Some Preliminary Results from Overlaying Historical Images

St Chad Gospels, historical image overlay, page 218

For a medieval manuscript like the St Chad Gospels, exacting information is necessary to notice and document changes brought about by aging--thus, requiring photography. Inks, pigments, and vellum tend to deteriorate slowly and subtly, making the rate of decline near impossible to gauge. Without notice, small chips of pigment can break free, and when noticed, the prior condition of the pigment is near impossible to recall, especially in areas that include flaking and chipping.

The St Chad Gospels is fortunate to have had various photographic efforts throughout the years, even if these efforts occurred sporadically and a number of them involved only selected pages. The value of these photographic efforts increases when their images are gathered and presented in a manner to provide scholars and conservators a means to compare images of the same page across time, comparisons that reveal significant information about a manuscript's aging.

I have collected images from eight such efforts for the St Chad Gospels:
1878 - photographs taken for F. H. A. Scrivener's Codex S. Ceaddea Latinus
1911 - photographs taken under unknown circumstances
1929 - Photostat images taken by the National Library of Wales, Aberystwyth
1956 - slides likely taken by Brother Frowin Oslender, Bildarchive der Abtei Maria Laach
1962 - photographs taken by the Courtauld Institute
1982 - photographs taken by Sonia Halliday
2003 - photographs taken by the British Library, in a collaboration with Lichfield Cathedral and Llandeilo Fawr
2010 - my efforts, in collaboration with Lichfield Cathedral

Aligned (registered) and overlaid historical images provides a view of the aging of the St Chad Gospels over the last one hundred twenty-five years. Comparing these images shows that the manuscript has loss less pigments since Roger Powell flattened the pages in 1962. However, a few areas continue to have smaller chips of pigments break free. A telling example is the Portrait of Luke, page 218. Comparing various historical images allows a conservator or scholar to witness changes and gauge vulnerabilities. On the right-hand side, the animated GIF, a section of Luke's robe, shows chips of pigment breaking free.

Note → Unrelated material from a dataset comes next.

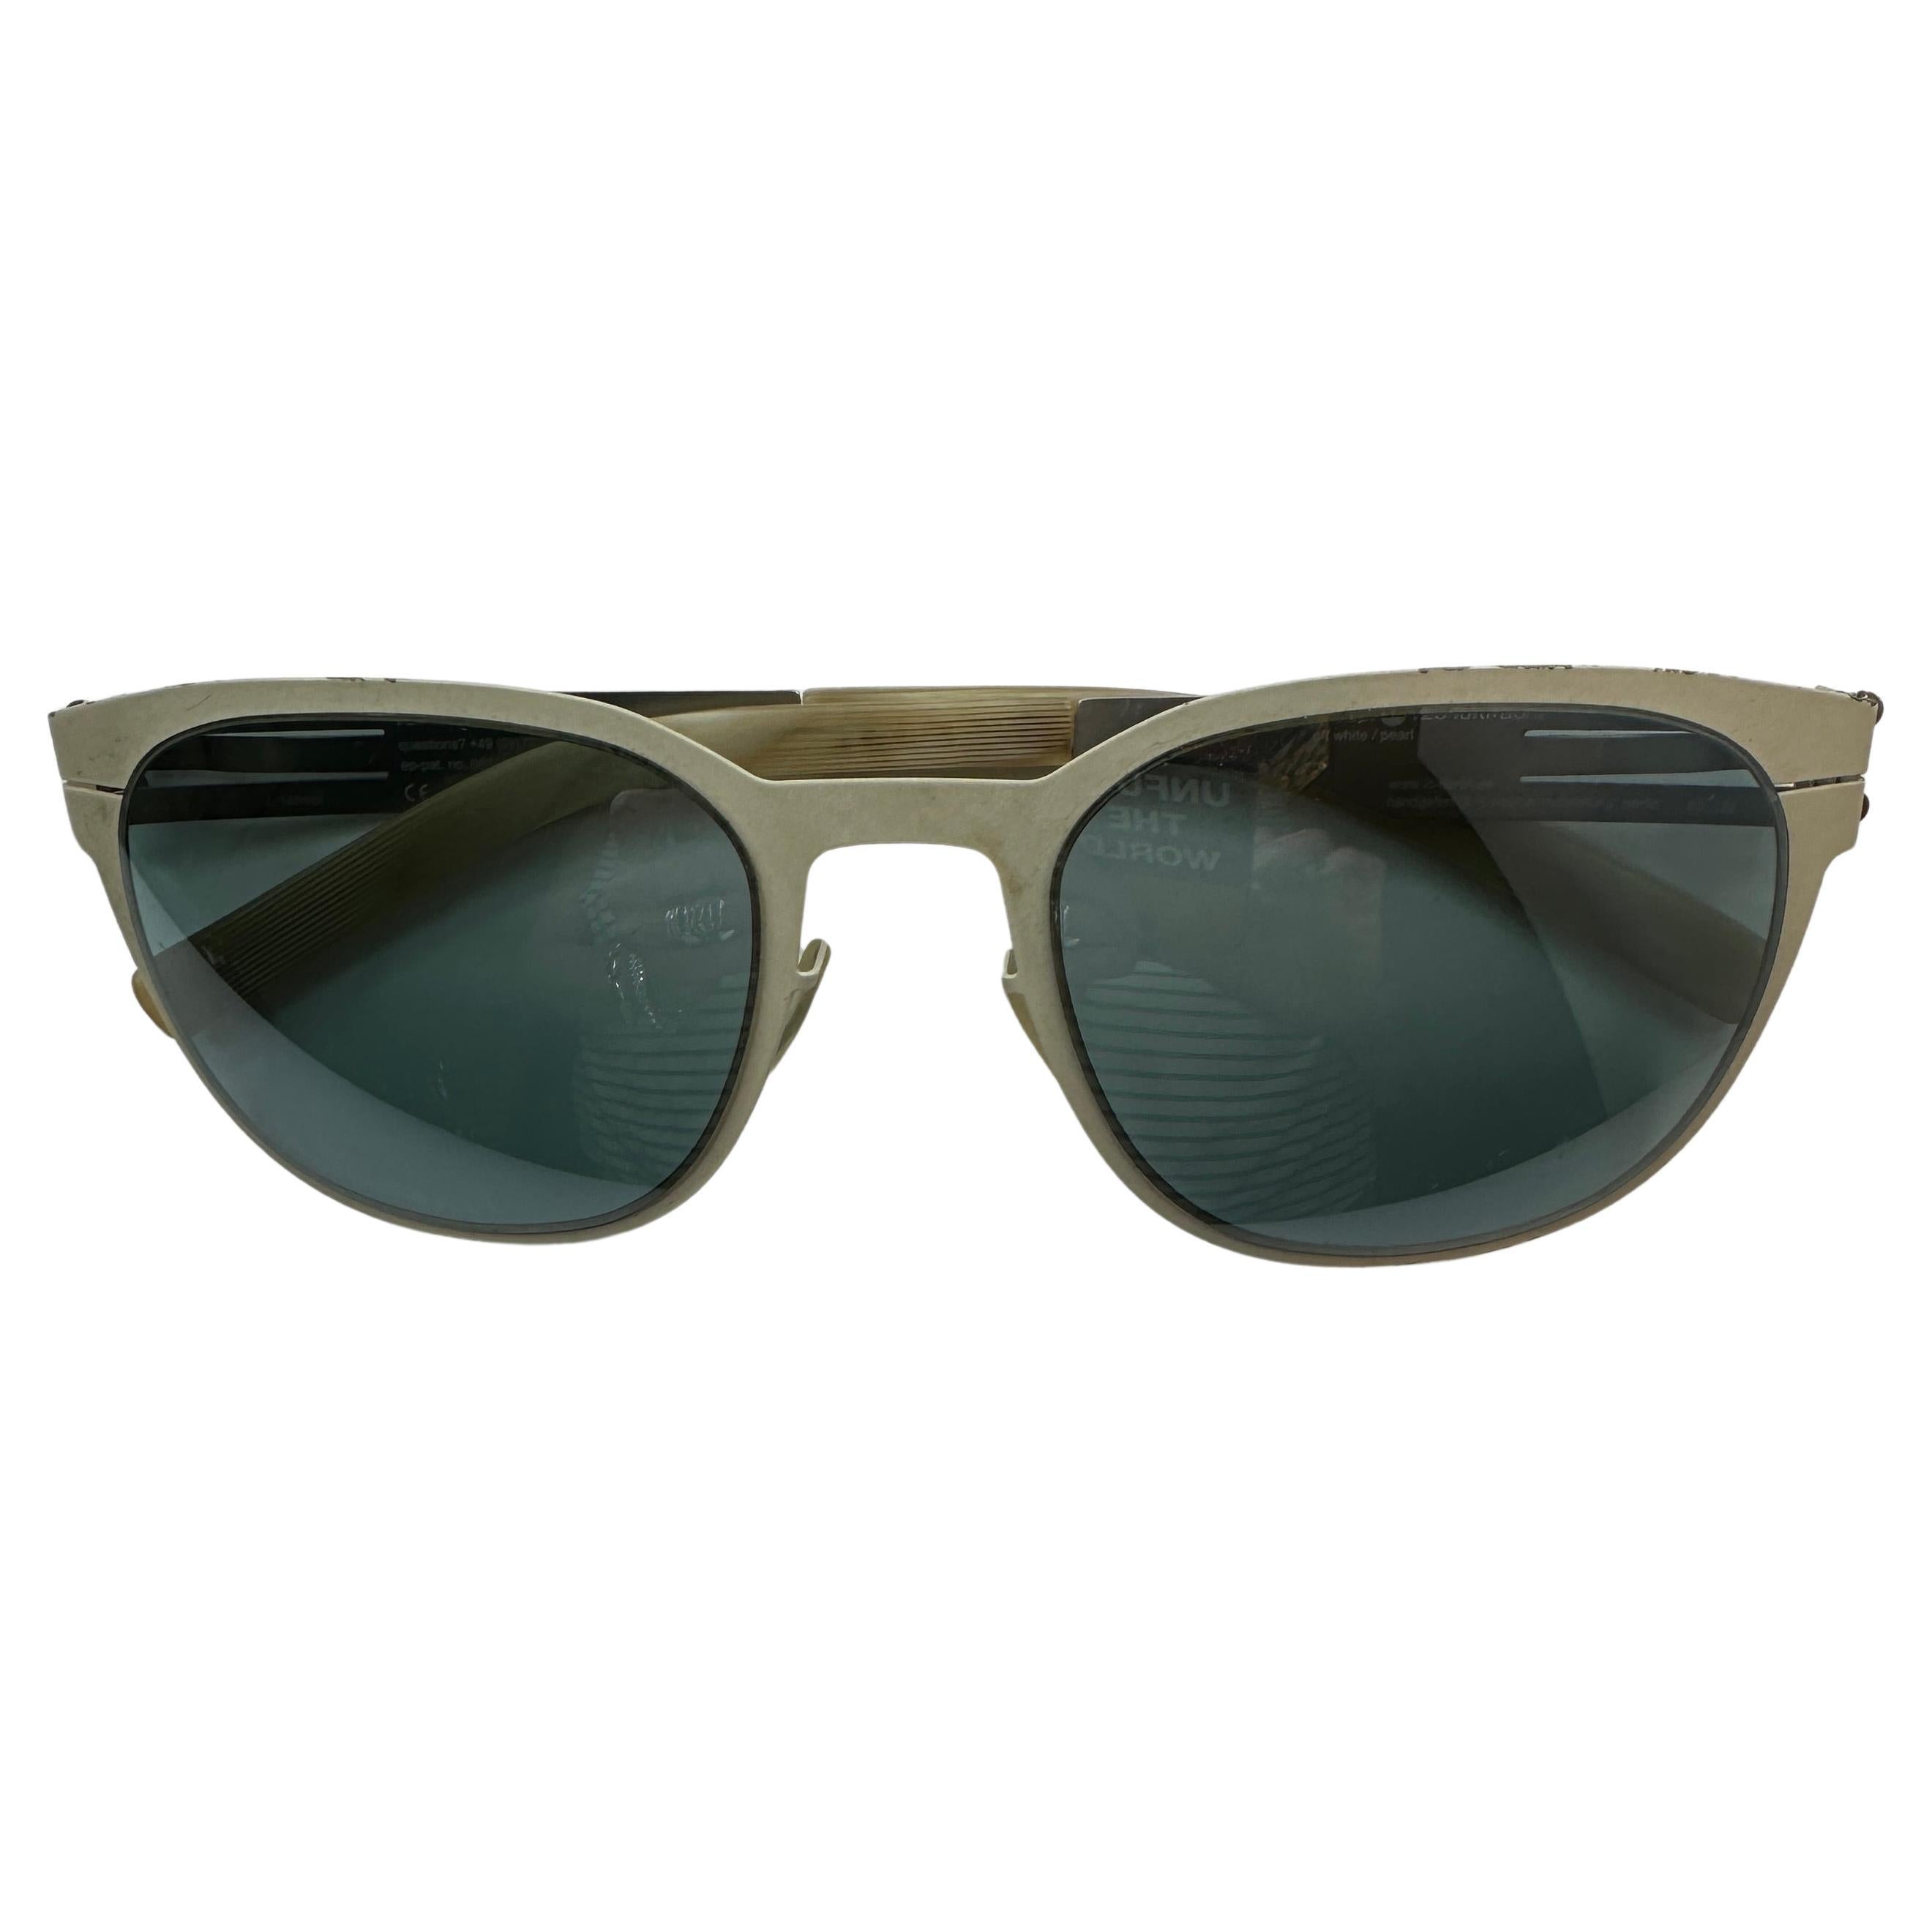 Ic! Berlin 'Limited Edition' Cream & Stainless Steel 'Spring Back' Arms Sunglass For Sale

The largest chip was lost between 1929 and 1956, with the second largest chip lost between 1962 and 1982. The smaller of the two measures roughly .38 millimeters in width.

St Chad Gospels, historical image overlay, page 218

For the St Chad Gospels, two significant, full-manuscript photographic efforts occurred prior to my 2010 imaging. In 1962, the Courtauld Institute photographed the complete manuscript during Roger Powell's rebinding. These images provide a significant benchmark for conservators and scholars because they were taken with the leaves separated from the manuscript and immediately following Powell's repair and straightening of the pages. Rebinding a manuscript is a rare occurrence. To have images from this rebinding, when the binding does not hinder the photography, is a rare treat indeed. Furthermore, with the photography occurring directly after Powell's repair of the pages, conservators and scholars have irreplaceable evidence for measuring and understanding the long-term effects of Powells' efforts. This understanding can provide knowledge to refine future strategies for repairing and caring for the inks, pigments, and vellum of early manuscripts.

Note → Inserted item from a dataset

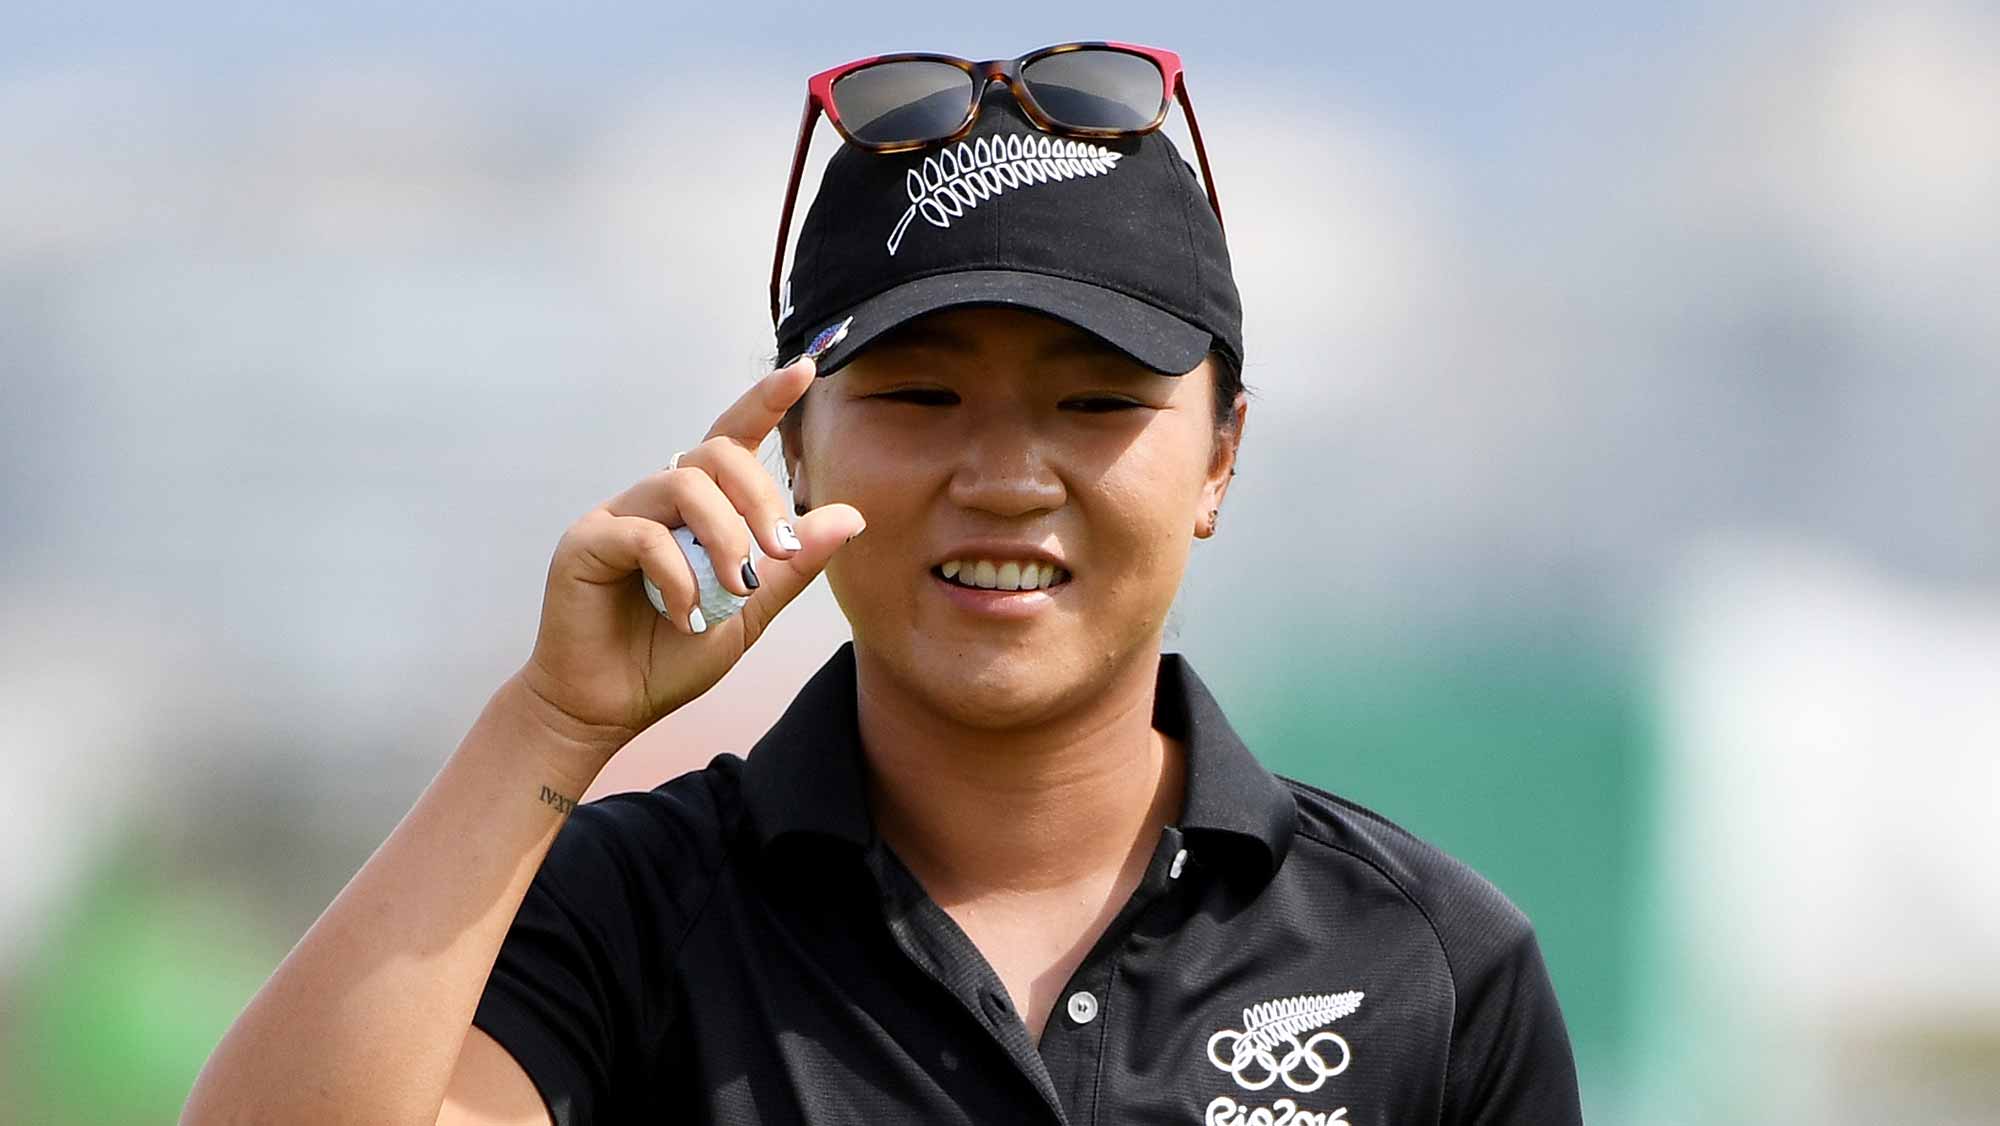 Lydia Ko of New Zealand reacts to her birdie on the seventh green during the Women's Golf Final on Day 15 of the Rio 2016 Olympic Games at the Olympic Golf Course

The other photographing of the complete St Chad Gospels occurred through efforts by the National Library of Wales, Aberystwyth. It produced three photostat copies, one copy presented to Lichfield Cathedral in 1929. Photostat copies are made with a photostat machine, which uses a camera to expose an image directly onto a roll of sensitized paper. The developed sensitized paper produces a paper negative, known as a black print. To produce the desired number of copies, the black print is photographed as many times as is necessary with the photostat machine. While a photostat copy does not provide the same sharpness as a photograph, the level of detail is ample to reveal changes in a manuscript, as seen in the above animated GIF.

A Note on Alignment

I used Photoshop to align all of the images to those I took in 2010. While the Courtauld's images offer a significant benchmark, I chose my 2010 images because they provided a higher resolution. However, this could be corrected by digitizing the Courtauld Institute's negatives rather than my efforts which involved scanning their 6"x8" photographs. I stopped short of exacting alignments to preserve a sense of variations dependent upon the state of a page when a photograph was taken.

Prior to 1962, the pages of the St Chad Gospels's suffered from cockling, affecting how text and imagery appear in a photograph. Also, a manuscript's binding (especially its tightness) affects the contours of a page and how it appears in an image. The binding for the St Chad Gospels was remarkably different post and prior Roger Powell's work.

Finally, conditions under which historical photographs are taken is impossible to know, especially those conditions' significant factors, such as relative humidity. The St Chad Gospels' pages are made from vellum (calf skin). Twelve-hundred-year-old vellum is extremely hygroscopic, absorbing moisture readily from the air. Changes in relative humidity cause pages to shrink or expand. Vellum responds far more dramatically to humidity than inks and pigments. Differences in relative humidity affect how script, decoration, and imagery align on a page when photographed, thus affecting any comparison of images taken at different times.